Goal of the exercise: From the line containing "Royalty free image" through the last line of the records, print every line exactly and nothing more.

Start of Entries supplied

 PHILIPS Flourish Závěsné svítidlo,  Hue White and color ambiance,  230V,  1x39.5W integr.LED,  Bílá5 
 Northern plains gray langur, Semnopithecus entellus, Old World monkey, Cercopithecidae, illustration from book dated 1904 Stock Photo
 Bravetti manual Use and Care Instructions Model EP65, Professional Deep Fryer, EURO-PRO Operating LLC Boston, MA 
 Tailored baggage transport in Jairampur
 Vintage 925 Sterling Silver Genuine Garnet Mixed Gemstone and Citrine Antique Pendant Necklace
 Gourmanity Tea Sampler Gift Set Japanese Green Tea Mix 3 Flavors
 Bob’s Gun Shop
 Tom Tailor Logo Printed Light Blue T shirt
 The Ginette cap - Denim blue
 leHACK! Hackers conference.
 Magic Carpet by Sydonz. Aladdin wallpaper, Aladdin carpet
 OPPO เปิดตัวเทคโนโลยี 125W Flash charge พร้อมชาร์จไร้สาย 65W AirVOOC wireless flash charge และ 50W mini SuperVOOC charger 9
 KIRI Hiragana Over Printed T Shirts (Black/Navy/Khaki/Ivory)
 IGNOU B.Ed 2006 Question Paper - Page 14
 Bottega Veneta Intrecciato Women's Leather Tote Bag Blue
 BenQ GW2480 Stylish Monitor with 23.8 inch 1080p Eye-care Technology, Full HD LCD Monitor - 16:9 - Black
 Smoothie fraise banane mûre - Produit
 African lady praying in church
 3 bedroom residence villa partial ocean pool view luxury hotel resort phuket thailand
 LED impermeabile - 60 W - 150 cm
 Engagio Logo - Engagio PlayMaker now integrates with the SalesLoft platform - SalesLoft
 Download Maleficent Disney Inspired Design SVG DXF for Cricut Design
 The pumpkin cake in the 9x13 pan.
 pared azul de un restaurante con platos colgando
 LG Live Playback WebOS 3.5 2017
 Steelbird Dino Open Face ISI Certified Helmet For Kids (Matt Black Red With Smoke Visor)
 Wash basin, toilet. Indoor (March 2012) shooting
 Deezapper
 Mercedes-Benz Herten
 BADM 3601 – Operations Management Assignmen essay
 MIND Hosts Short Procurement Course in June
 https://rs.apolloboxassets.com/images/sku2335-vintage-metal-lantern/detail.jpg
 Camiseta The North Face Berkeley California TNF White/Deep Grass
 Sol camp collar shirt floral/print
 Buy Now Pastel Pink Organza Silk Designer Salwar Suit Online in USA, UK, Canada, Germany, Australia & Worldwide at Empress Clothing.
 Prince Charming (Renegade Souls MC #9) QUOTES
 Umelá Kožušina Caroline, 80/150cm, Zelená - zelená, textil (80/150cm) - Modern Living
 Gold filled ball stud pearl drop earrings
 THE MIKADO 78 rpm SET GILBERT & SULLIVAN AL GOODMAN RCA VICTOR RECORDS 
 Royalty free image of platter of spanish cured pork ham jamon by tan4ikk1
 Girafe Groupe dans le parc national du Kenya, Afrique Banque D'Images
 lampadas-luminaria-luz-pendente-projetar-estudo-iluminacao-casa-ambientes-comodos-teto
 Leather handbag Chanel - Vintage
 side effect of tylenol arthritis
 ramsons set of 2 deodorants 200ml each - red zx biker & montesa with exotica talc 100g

End of Entries supplied

Solved problem:
 Royalty free image of platter of spanish cured pork ham jamon by tan4ikk1
 Girafe Groupe dans le parc national du Kenya, Afrique Banque D'Images
 lampadas-luminaria-luz-pendente-projetar-estudo-iluminacao-casa-ambientes-comodos-teto
 Leather handbag Chanel - Vintage
 side effect of tylenol arthritis
 ramsons set of 2 deodorants 200ml each - red zx biker & montesa with exotica talc 100g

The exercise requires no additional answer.